The research analysis was primarily centered on quantifying actively dividing cardiomyocytes, defined as TnnT2+Ph3+. In addition, an evaluation of cytokinesis rates was conducted by examining TnnT2+AuroraB+ markers (Figure 1B). Our findings revealed a substantial augmentation in both the proportion (Figure 1C) and number of TnnT2+Ph3+ cardiomyocytes (Figure 1D), demonstrating an increase of up to 2.5 times. Moreover, a similar enhancement, amounting to a twofold increase, is clearly observed in the population of cardiomyocytes undergoing cytokinesis subsequent to MEIS1 inhibitor treatment, as visually represented in Figures 1E–1G.
In conclusion, our study using neonatal rat cardiomyocytes and MEIS1 inhibitors demonstrated a substantial increase in actively dividing cardiomyocytes and those undergoing cytokinesis. These findings shed light on the potential for regulating cardiomyocyte division and offer valuable insights into the potential mechanisms that could be harnessed for cardiac regeneration and repair in the adult heart.
3.2. MEIS1 inhibitors promote adult ventricular cardiomyocyte proliferation and may inhibit fibroblast growth
Cardiomyocytes in the adult heart often enter a quiescent state, displaying limited participation in the active cell cycle. To explore the dynamics of cell division within adult cardiac tissue, adult ventricular cardiomyocytes as well as noncardiomyocytes were isolated and cultured, and MEIS1 inhibitors at concentrations of 5 μM were applied. After a 3-day incubation period, immunostaining was performed using TnnT2 for cardiomyocytes and Ph3 for proliferation (Figure 2A).
Figure 2.
Treatment of mature ventricular cardiomyocytes and noncardiomyocytes with MEIS1 inhibitors. A) Immunostaining of adult mouse ventricular cardiomyocytes (CMs) with Ph3 (red), TnnT2 (green), and DAPI (blue) after treatments with MEISi-1 and MEISi-2. B) Quantification of proliferating noncardiomyocytes (% of TnnT2-Ph3+ CMs/well) and C) Quantification of proliferating ventricular cardiomyocytes (% of TnnT2+Ph3+ CMs/well) after MEISi-1 and MEISi-2 treatments in comparison to DMSO. D) Schematic of isolation and culture of cardiac fibroblasts. E) Viability analysis of cardiac fibroblasts after treatments with MEISi-1 and MEISi-2. n = 3, *p < 0.05, NS: Not significant.

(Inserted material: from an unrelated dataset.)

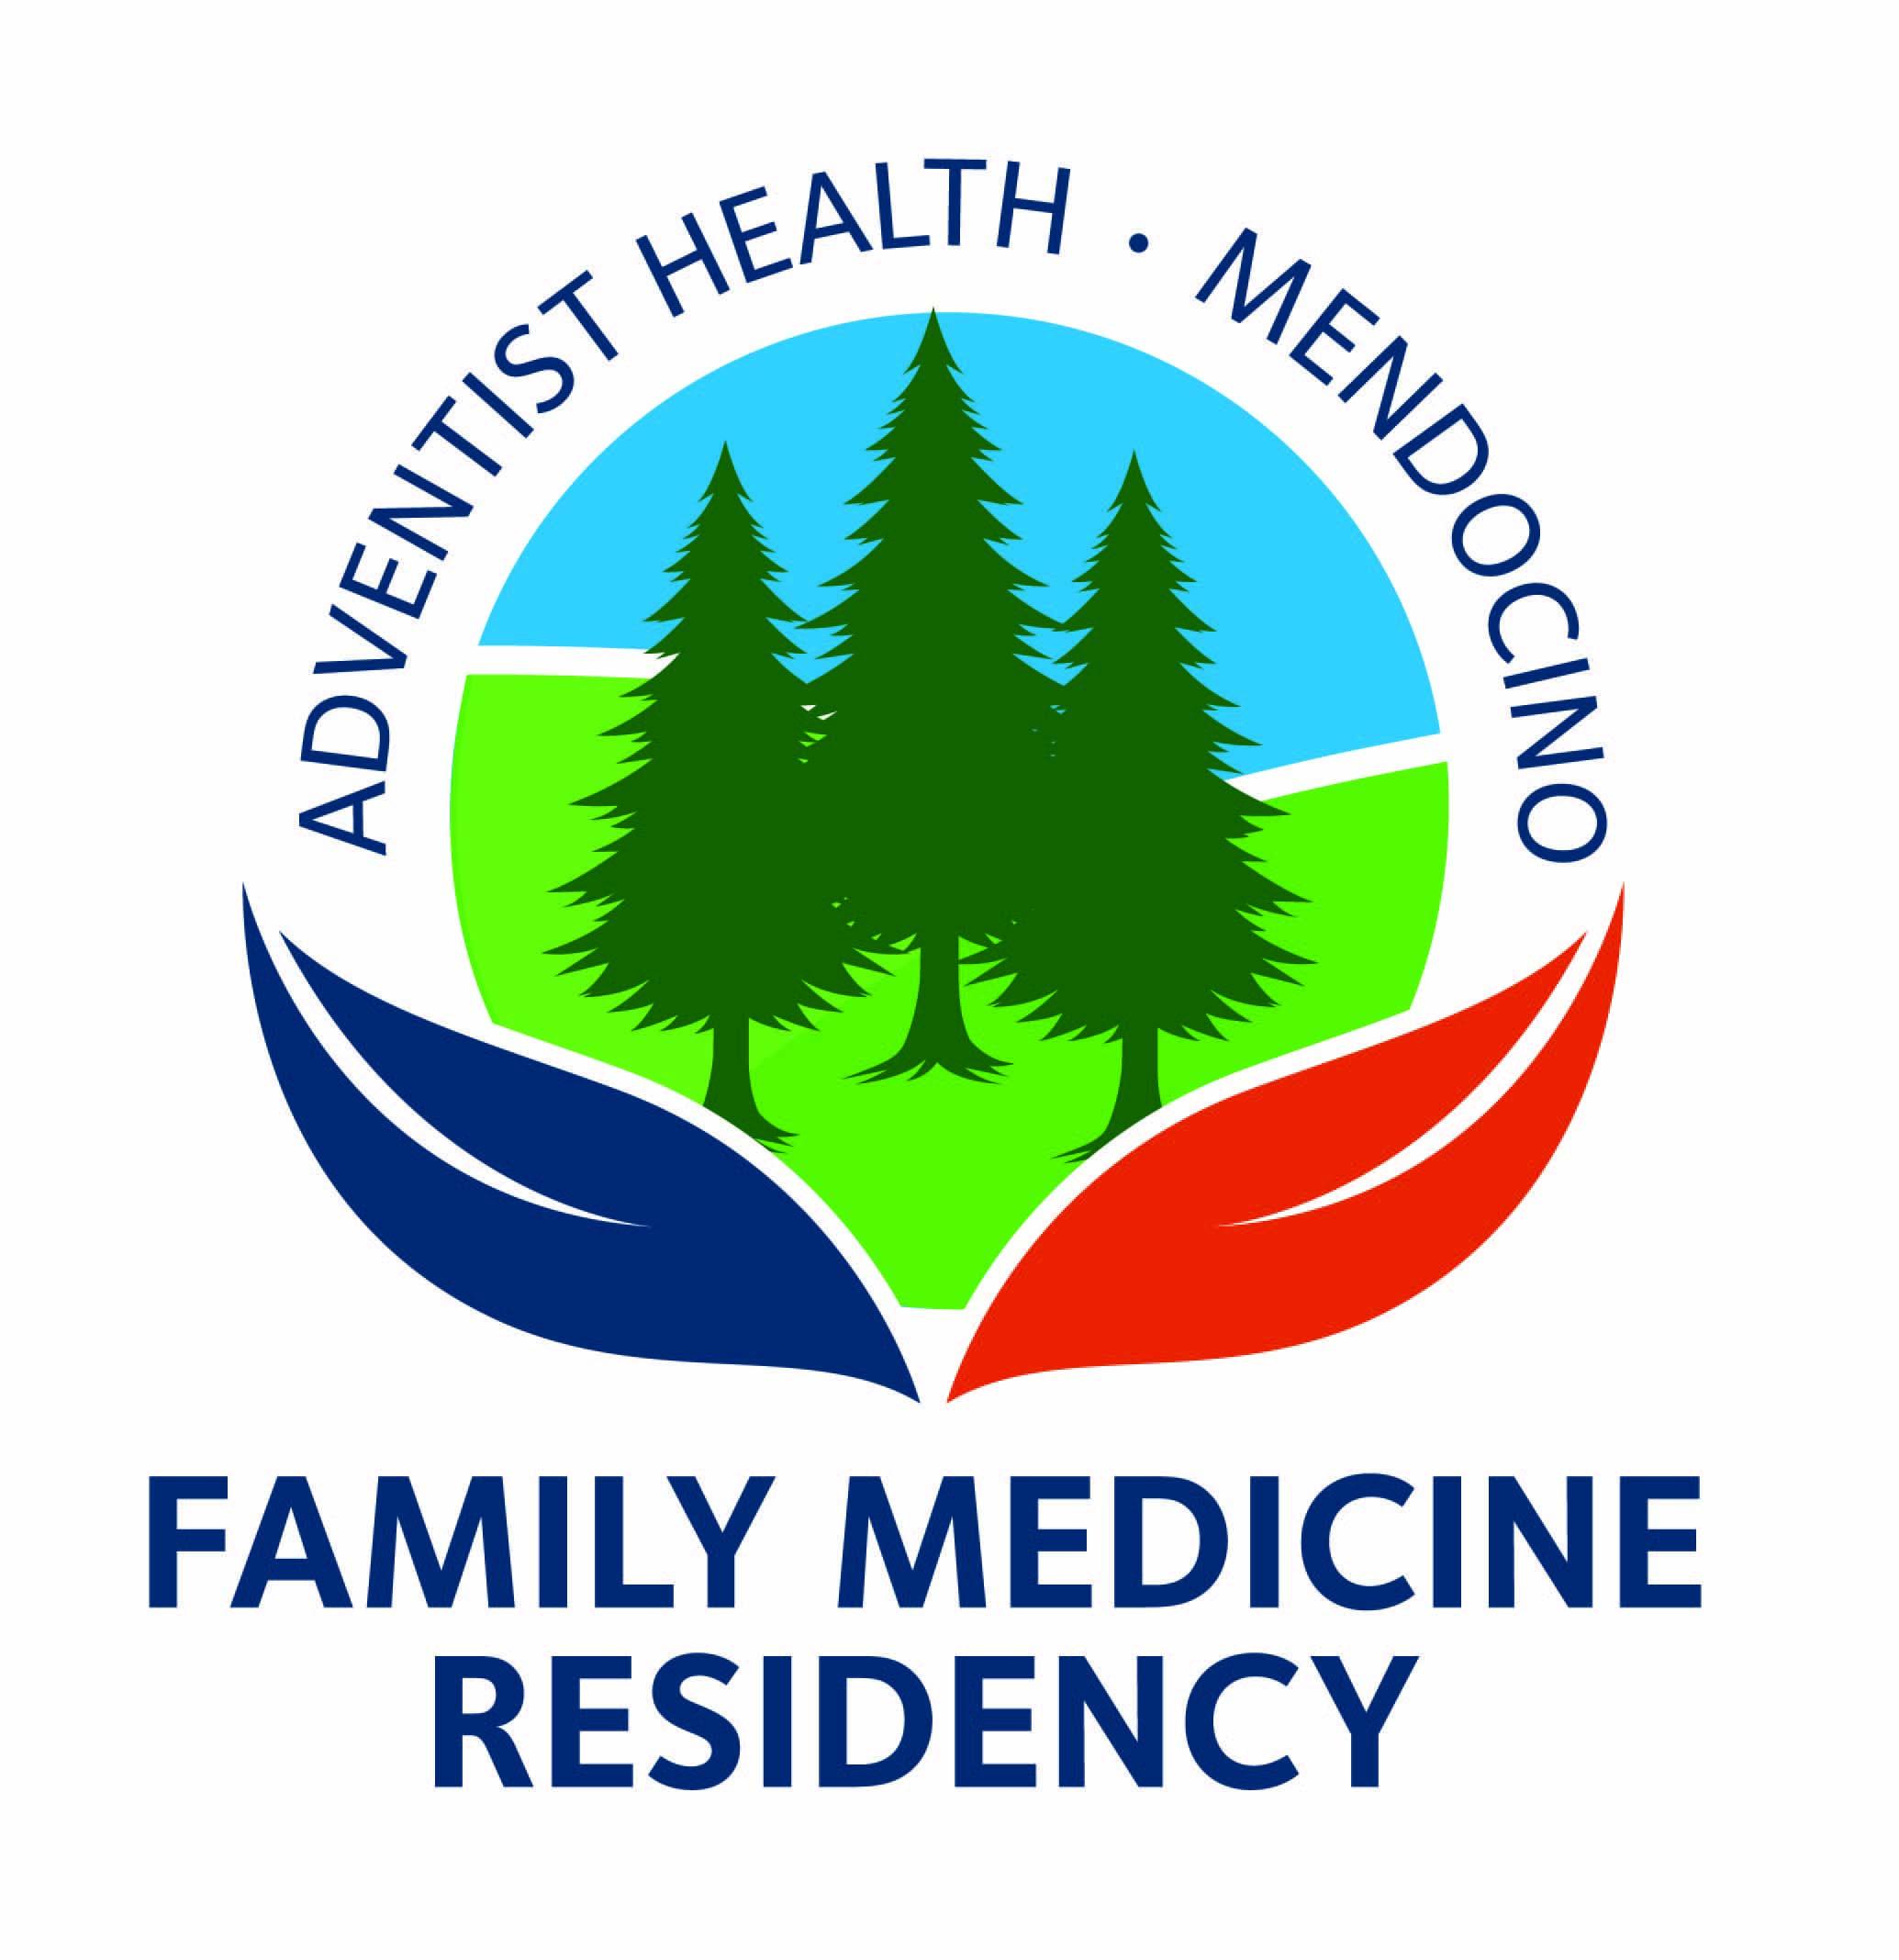 AUV506-FamilyResidency-Mendo-FNL.jpg
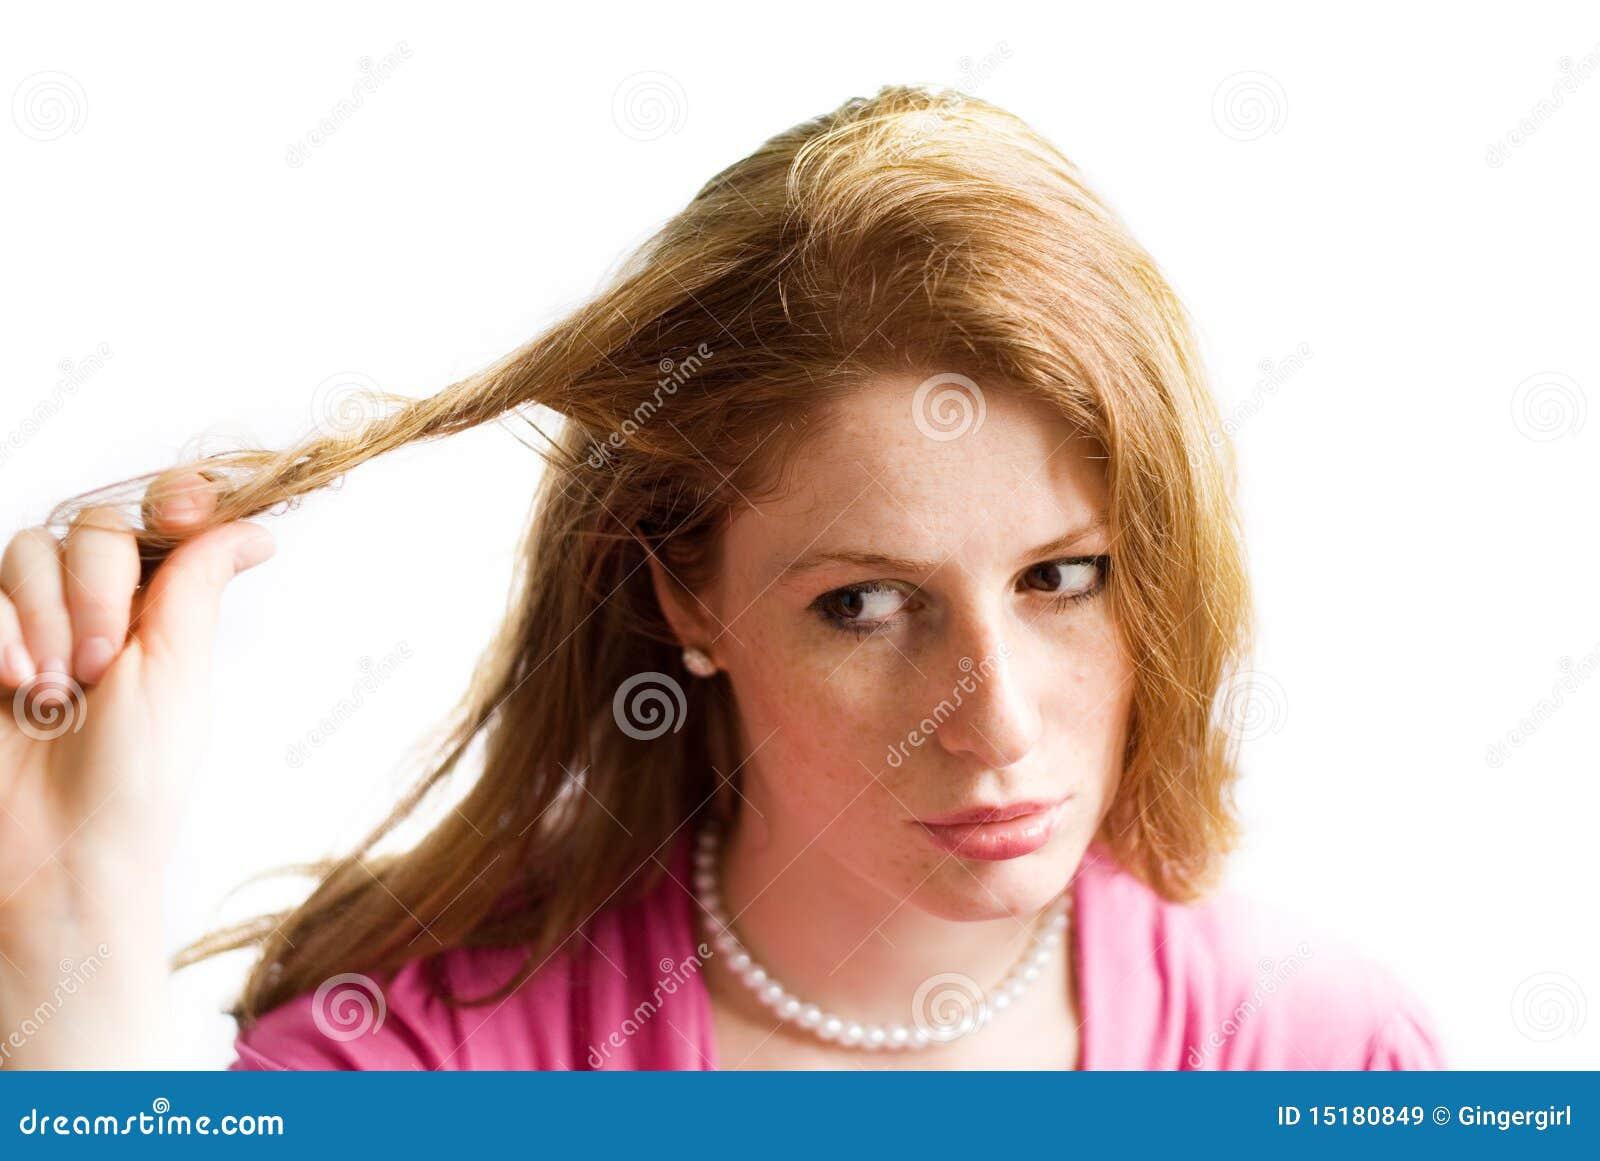 Девушка вытягивает волосы

Our findings demonstrate a significant increase in the number of noncardiomyocytes (TnnT2-Ph3+) (Figure 2B) and cardiomyocytes (TnnT2+Ph3+) (Figure 2C) post-MEISi-2 treatments only. MEISi-1 did not show any effect on the proliferation of primary ventricular cells (Figures 2B, 2C). Next, we assessed the effect of MEIS1 inhibitors in cultured cardiac fibroblasts (Figure 2D). Intriguingly, both MEISi-1 and MEISi-2 treatments reduced cardiac fibroblast proliferation in vitro (Figure 2E).
In conclusion, our research conducted with adult cardiac tissue and the application of MEIS1 inhibitors underscores a significant augmentation in actively dividing ventricular cardiomyocytes and suggests the potential inhibition of fibroblasts originating from adult tissue.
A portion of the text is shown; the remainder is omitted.